BASE_URL = "https://api.emidlabs.com/api/public/v1"

def generate_strategy(hypothesis: str, previous_result: dict = None) -> dict:
    client = anthropic.Anthropic()
    prompt = f"Hypothesis: {hypothesis}"
    if previous_result:
        prompt += f"\n\nPrevious results: {json.dumps(previous_result, indent=2)}"
        prompt += "\n\nRevise the strategy based on these results. Output JSON only."

    msg = client.messages.create(
        model="claude-opus-4-7",
        max_tokens=1024,
        system=STRATEGY_SYSTEM_PROMPT,  # Include full DSL spec
        messages=[{"role": "user", "content": prompt}]
    )
    return json.loads(msg.content[0].text)

def run_backtest(strategy: dict) -> dict:
    resp = requests.post(
        f"{BASE_URL}/backtest",
        headers={"x-api-key": EMID_API_KEY},
        json={
            "assetPair": "BTC-USDC",
            "initialDate": "2023-01-01",
            "finalDate": "2023-12-31",
            "strategySnapshotJson": json.dumps(strategy)
        }
    )
    backtest_id = resp.json()["id"]

    # Poll for result
    while True:
        result = requests.get(
            f"{BASE_URL}/backtest/{backtest_id}",
            headers={"x-api-key": EMID_API_KEY}
        ).json()
        if result["status"] in ("Completed", "Failed"):
            return result
        time.sleep(0.5)

# Run 5 iterations
hypothesis = "EMA crossover with RSI confirmation on BTC 1H"
result = None
for i in range(5):
    strategy = generate_strategy(hypothesis, result)
    result = run_backtest(strategy)
    print(f"Iteration {i+1}: expectancyR={result['result']['expectancyR']}")

#Best Practices

Avoid overfitting

Do not optimize parameters by running hundreds of variations on the same date range and picking the best. This is curve-fitting, not edge discovery.
Validate promising strategies on a separate out-of-sample date range before drawing conclusions.
Prefer strategies with a clear causal story over those that simply "look good on paper."
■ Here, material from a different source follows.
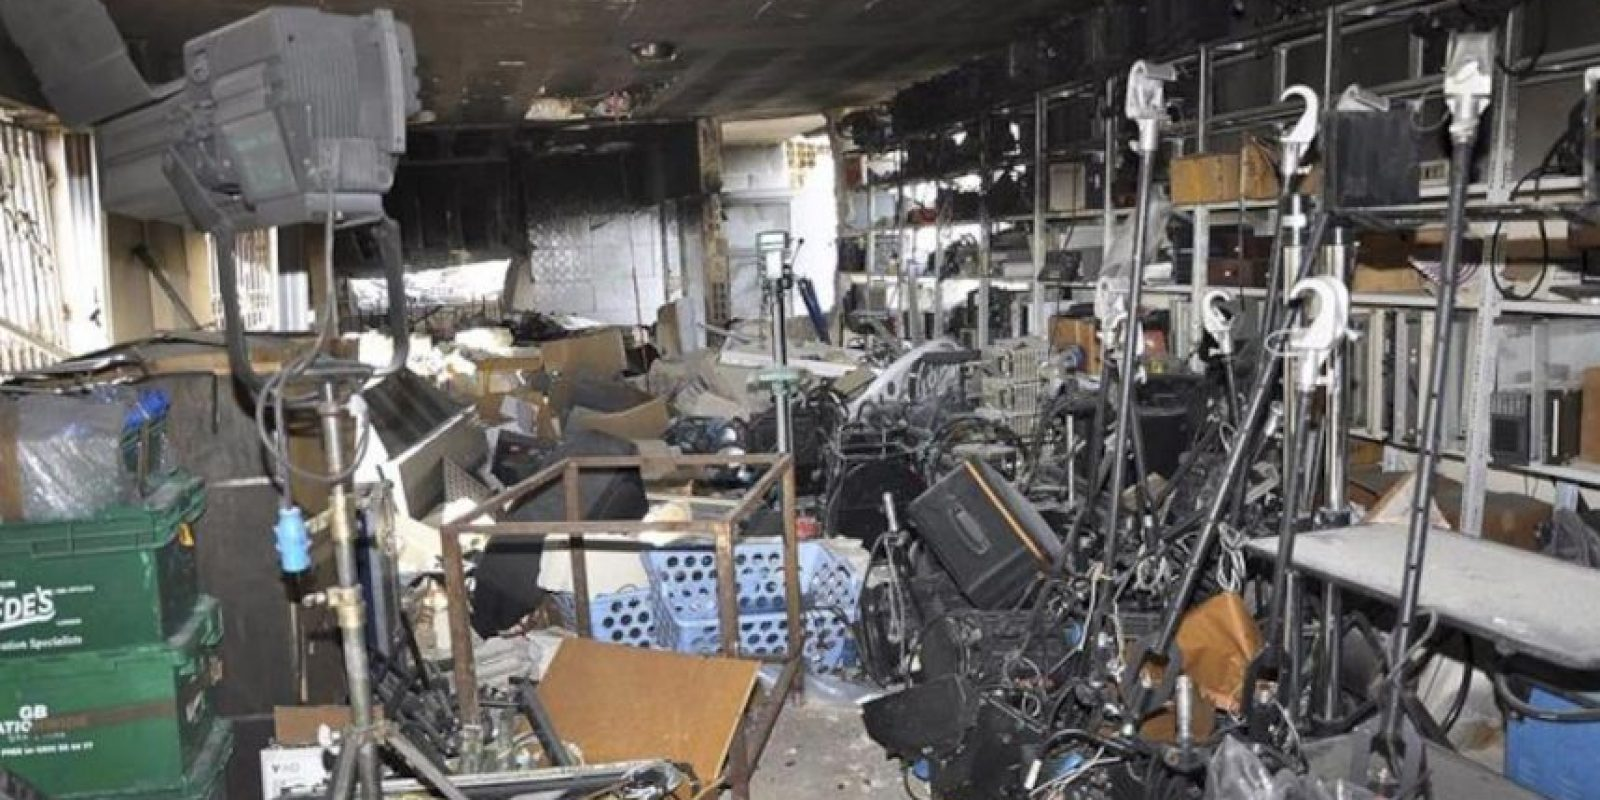 Fotografía facilitada por la agencia estatal de noticias siria SANA de los daños registrados en la sede de la cadena de televisión progubernamental Al Ikhbariya, en la zona de Drousha, unos 15 kilómetros al oeste de Damasco, (Siria) hoy, miércoles 27 de junio. EFE

Validate AI output before submission

Confirm that all inputs referenced in conditions are defined in the inputs block.
Confirm that all conditions referenced in score are defined in conditions.
Verify the JSON is valid before serializing it into the API payload.

Use diagnostics to guide iteration

If a condition fires on more than 70% of candles, it's not selective. Tighten the threshold.
If a condition fires on less than 5% of candles, consider whether it's rare enough to be noise.
Focus on improving expectancyR, not just winRate. A 40% win rate with 1:3 RR is positive expectancy.

AI limitations to acknowledge

AI does not have access to live market data. It reasons about market dynamics using training knowledge, which may be outdated or wrong.
AI-generated strategies may contain subtle logical errors (undefined references, circular inputs). Always validate.
AI cannot predict which strategies will be profitable. It can only generate and formalize hypotheses.